No Evals, No AI: Dijkstra's Humility in the Age of Cursor

The humble programmers of 2025 don’t avoid AI, they build verification scaffolding strong enough to bridge the comprehension gap.

August 24, 2025 · 6 min read

Last week, I watched Cursor generate a 500-line feature implementation in 12 seconds.

The code worked. The tests passed. But, I had no idea what half of it did. So I spent another hour reading every line and making sure it was what I wanted.

We’ve gone all in on Cursor at Atlan. It’s the default recommendation for anyone shipping code.

The promise? Build anything 10x faster. The reality? A weird paradox.

Nothing’s changed by the way, you still are responsible for the correctness of your code. But in a way, everything has changed, the implementation happens in seconds, not hours.

The bottleneck has shifted from writing code to understanding what you’ve written (or generated).

And in this world, I’ve become obsessed with verification. Tests. Schemas. Anything that proves the code does what I think it does.

Because here’s the thing: complexity doesn’t care about your velocity.

This world would have horrified Dijkstra.

Dijkstra’s Warning #

I fell down a rabbit hole recently and found the Edsger W. Dijkstra Archive. You must know him from the shortest path algorithm.

It’s the archive of all of his notes and correspondence on a wide variety of topics. These notes are called EWDs.

Some of these essays are cult classics¹ and you will find them peppered across hackernews.
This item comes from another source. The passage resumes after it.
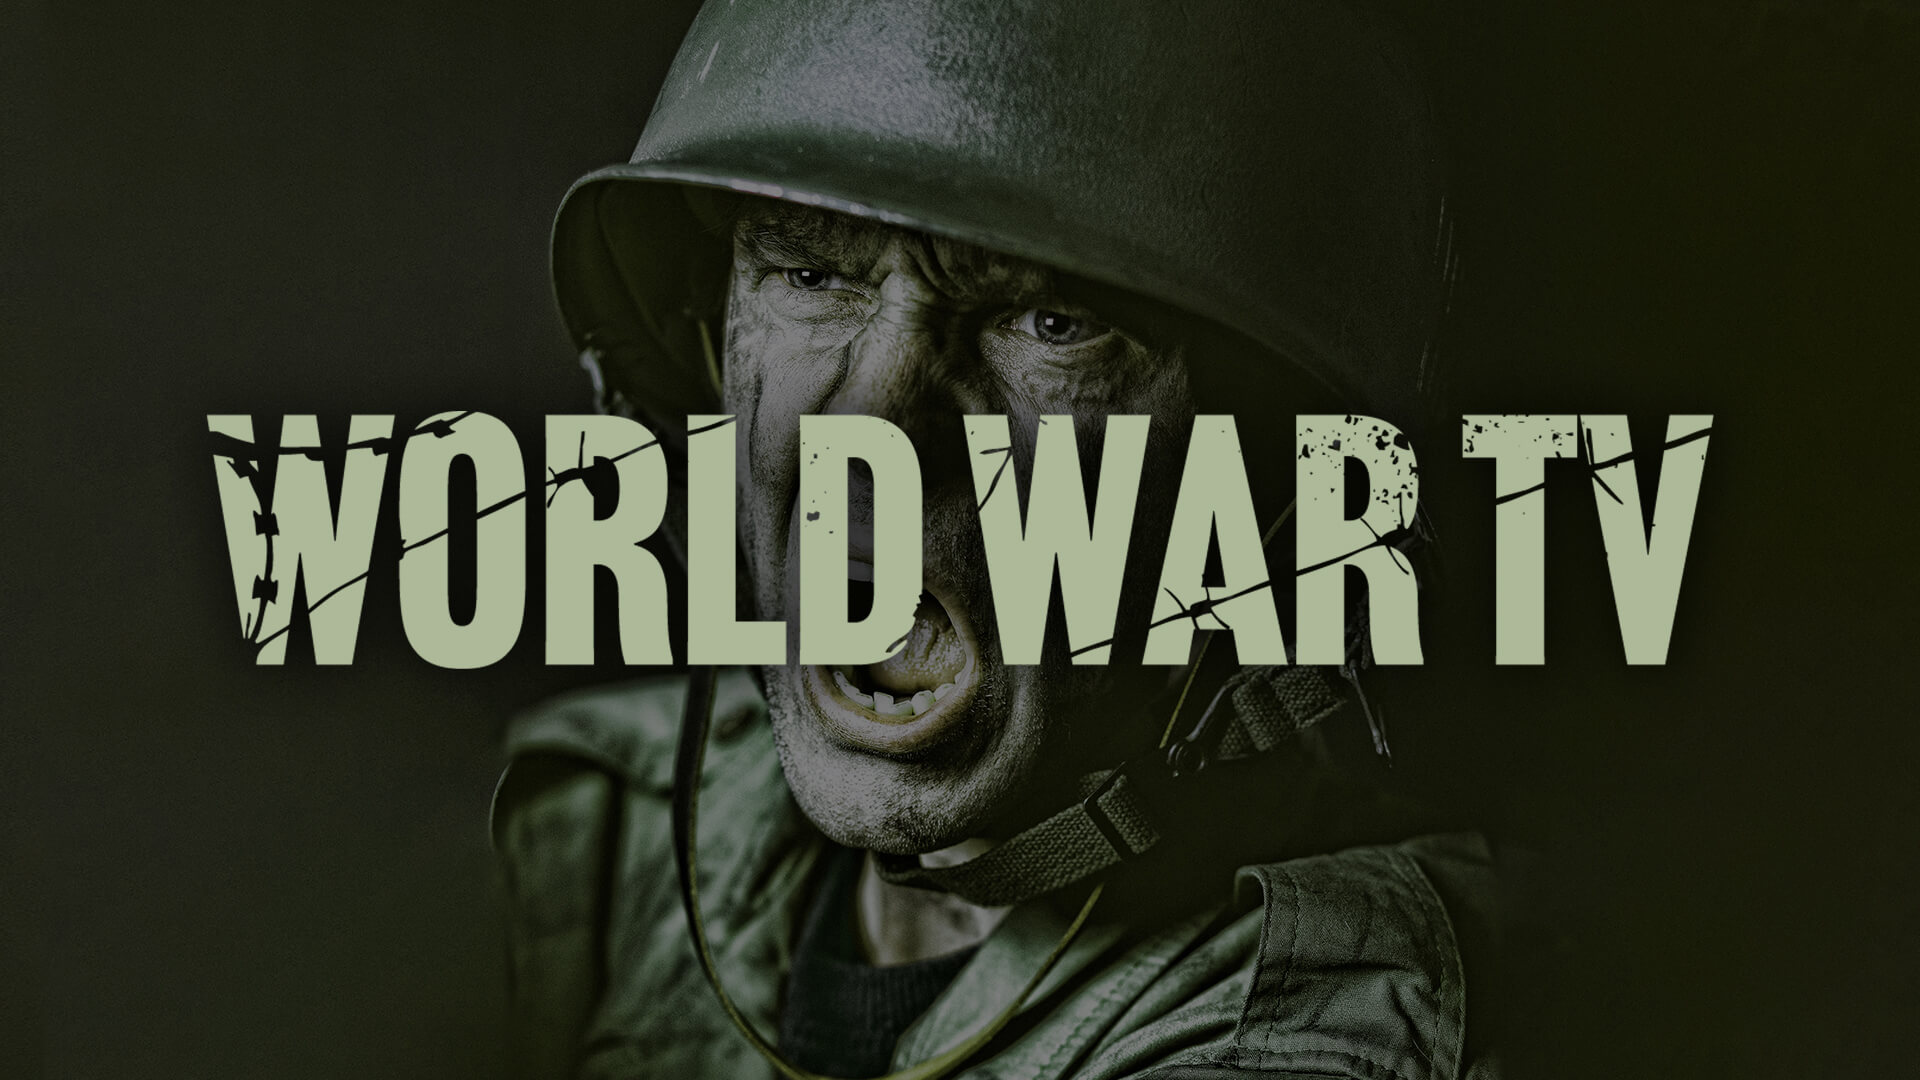 World War TV

I want to talk about EWD 340: The Humble Programmer. His 1972 Turing Award lecture, the core observation was simple:

Hardware capabilities improved 1000x
Software complexity grew even faster
Human brain capacity stayed constant
Result: an ever-widening comprehension gap

His solution? Intellectual humility. Recognize our limits. Build within them.

He advocated structured programming. Clear hierarchies. Abstraction layers. Formal methods. Above all, simplicity over cleverness.

Reading it in 2025 feels almost quaint. He worried about GOTO statements. We’re dealing with microservices, distributed systems, and now AI-generated code. His pristine world of mathematically proven programs? Commercially dead.

But he was right about the gap.

Dijkstra witnessed hardware exploding 1000x. We’re witnessing something different. Not just compute power—code generation itself exploded.

Claude code can write entire modules. Cursor implements features from descriptions. The complexity Dijkstra feared? It’s here on steroids. And it’s growing exponentially.

Last month, we needed a distributed lock mechanism. Cursor generated sophisticated code in 30 seconds. Retry logic. Exponential backoff. Lease management. Textbook implementation.

It worked—until it didn’t.

The AI didn’t know our Redis runs in HA mode with Sentinel. Didn’t know about our specific down-after-milliseconds value.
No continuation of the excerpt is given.